Links indicados[editar | editar código-fonte]

  • 1. http//www.sendmail.org - site oficial do sendmail. Pode-se encontrar neste site, além dos mais recentes arquivos-fontes para instalação, também documentação oficial: FAQs, como-fazer, etc.
  • 2. http://www.qmail.org - site oficial do servidor de e-mail qmail, considerado assim como o Postfix, um dos fortes concorrentes ao posto de servidor de e-mail padrão nas distribuições. Além de ser mais seguro, o qmail é também mais veloz e mais robusto.
  • 3. http://www.postfix.org - site oficial do servidor de e-mail postfix, que é atualmente o servidor de e-mail padrão da distribuição Conectiva.
  • 4. http://www.procmail.org - site oficial do procmail, um MDA bastante popular, que possui várias funcionalidades de resposta automática, filtragem de e-mails, redirecionamento de e-mail, etc.
  • 5. http://www.barnard.edu/at/training/eudora/imap.html - POP vs IMAP - É um documento escrito pela Universidade de Barnard, bastante simples e bem objetivo que compara os dois protocolos mais utilizados para se acessar remotamente e-mails de um servidor.
  • 6. http://www.washington.edu/imap/ - Site oficial do UW imap - o mais popular dos servidores IMAP, fornecido como padrão na distribuição Conectiva. Neste site mantido pela Universidade de Washington, além de estar disponível o código-fonte do servidor IMAP, também oferece: documentação, biblioteca em C do cliente IMAP, FAQs e listas de discussão oficiais.
  • 7. http://asg.web.cmu.edu/cyrus/imapd/ - Outra opção de servidor IMAP, mantido pela Universidade de Carnegie Mellon, através do notório projeto Cyrus.
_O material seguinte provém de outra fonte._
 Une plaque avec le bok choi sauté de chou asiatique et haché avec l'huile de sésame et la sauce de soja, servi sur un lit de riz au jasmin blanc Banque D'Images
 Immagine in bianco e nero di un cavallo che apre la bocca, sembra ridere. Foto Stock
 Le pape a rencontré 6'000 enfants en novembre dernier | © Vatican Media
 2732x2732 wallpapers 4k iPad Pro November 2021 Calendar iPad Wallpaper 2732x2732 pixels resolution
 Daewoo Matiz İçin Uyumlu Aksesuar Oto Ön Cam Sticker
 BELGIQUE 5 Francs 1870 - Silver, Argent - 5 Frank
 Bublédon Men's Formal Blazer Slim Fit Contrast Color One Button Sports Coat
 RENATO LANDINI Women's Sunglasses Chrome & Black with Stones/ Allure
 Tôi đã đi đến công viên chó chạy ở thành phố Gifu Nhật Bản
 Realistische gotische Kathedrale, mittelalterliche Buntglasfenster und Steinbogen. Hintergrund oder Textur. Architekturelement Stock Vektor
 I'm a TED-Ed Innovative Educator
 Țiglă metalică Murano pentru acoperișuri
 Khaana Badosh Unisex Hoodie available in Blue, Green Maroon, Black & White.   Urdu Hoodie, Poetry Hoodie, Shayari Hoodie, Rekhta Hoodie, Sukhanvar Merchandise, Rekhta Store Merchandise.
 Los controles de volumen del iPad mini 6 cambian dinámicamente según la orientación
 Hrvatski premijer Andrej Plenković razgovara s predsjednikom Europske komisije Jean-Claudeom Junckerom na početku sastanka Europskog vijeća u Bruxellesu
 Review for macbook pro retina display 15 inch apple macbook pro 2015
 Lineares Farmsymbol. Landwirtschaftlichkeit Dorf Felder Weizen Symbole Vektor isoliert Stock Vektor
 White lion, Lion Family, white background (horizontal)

Este servidor IMAP também é conhecido como Cyrus IMAP Server.

Exercícios de revisão[editar | editar código-fonte]

  • 1. Mostre o passo-a-passo para enviar através do comando telnet um email via protocolo SMTP para um usuário de sua máquina local chamado “fulano”. Também com o comando telnet, verifique o conteúdo da caixa postal de “fulano”.
  • 2. Como eu poderia configurar o sendmail para que todo email por ele enviado para o usuário root, além de ser armazenado na caixa postal local do root, seja também enviado para o usuário local fulano e para o beltrano, de email beltrano@algumdominio.com.br?
  • 3. Suponha que o seu servidor esteja atualmente enviando e-mail com identificação de remetentes do tipo fulano@maquina.algumdominio.com.br, o que deveria ser feito para que isto fosse trocado por simplesmente fulano@algumdominio.com.br?
  • 4. Defina com suas próprias palavras, os termos MUA, MDA e MTA? O MDA é sempre encontrado nos servidores de email (cite exemplos)? Qual é a diretiva do sendmail que define qual MDA é utilizado?
  • 5. Como eu poderia liberar uma rede de computadores para fazer redirecionamento pelo meu servidor SMTP? Que incoveniência teria em liberar todas redes (sem restrição de relay)?
  • 6. O que é o m4? Qual é a função dele na configuração do sendmail? Como eu o instalo? Crie um exemplo de arquivo de macros m4 e explique brevemente cada diretiva deste arquivo.
  • 7. Qual é a funcionalidade e diferenças entre os protocolos SMTP, POP e IMAP? Mostre brevemente como seria a instalação de cada um destes protocolos.
  • 8. Quais são as principais deficiências do sendmail? Quais são seus principais “concorrentes”?
  • 9. O que é o comando mail? Para que serve? Como posso utilizá-lo para enviar , receber e-mail? Como seria utilizado para testar mais detalhadamente o envio de um e-mail?
  • 10. Qual é a necessidade e quais formas de interação com a pilha [queue] de e-mails do sendmail?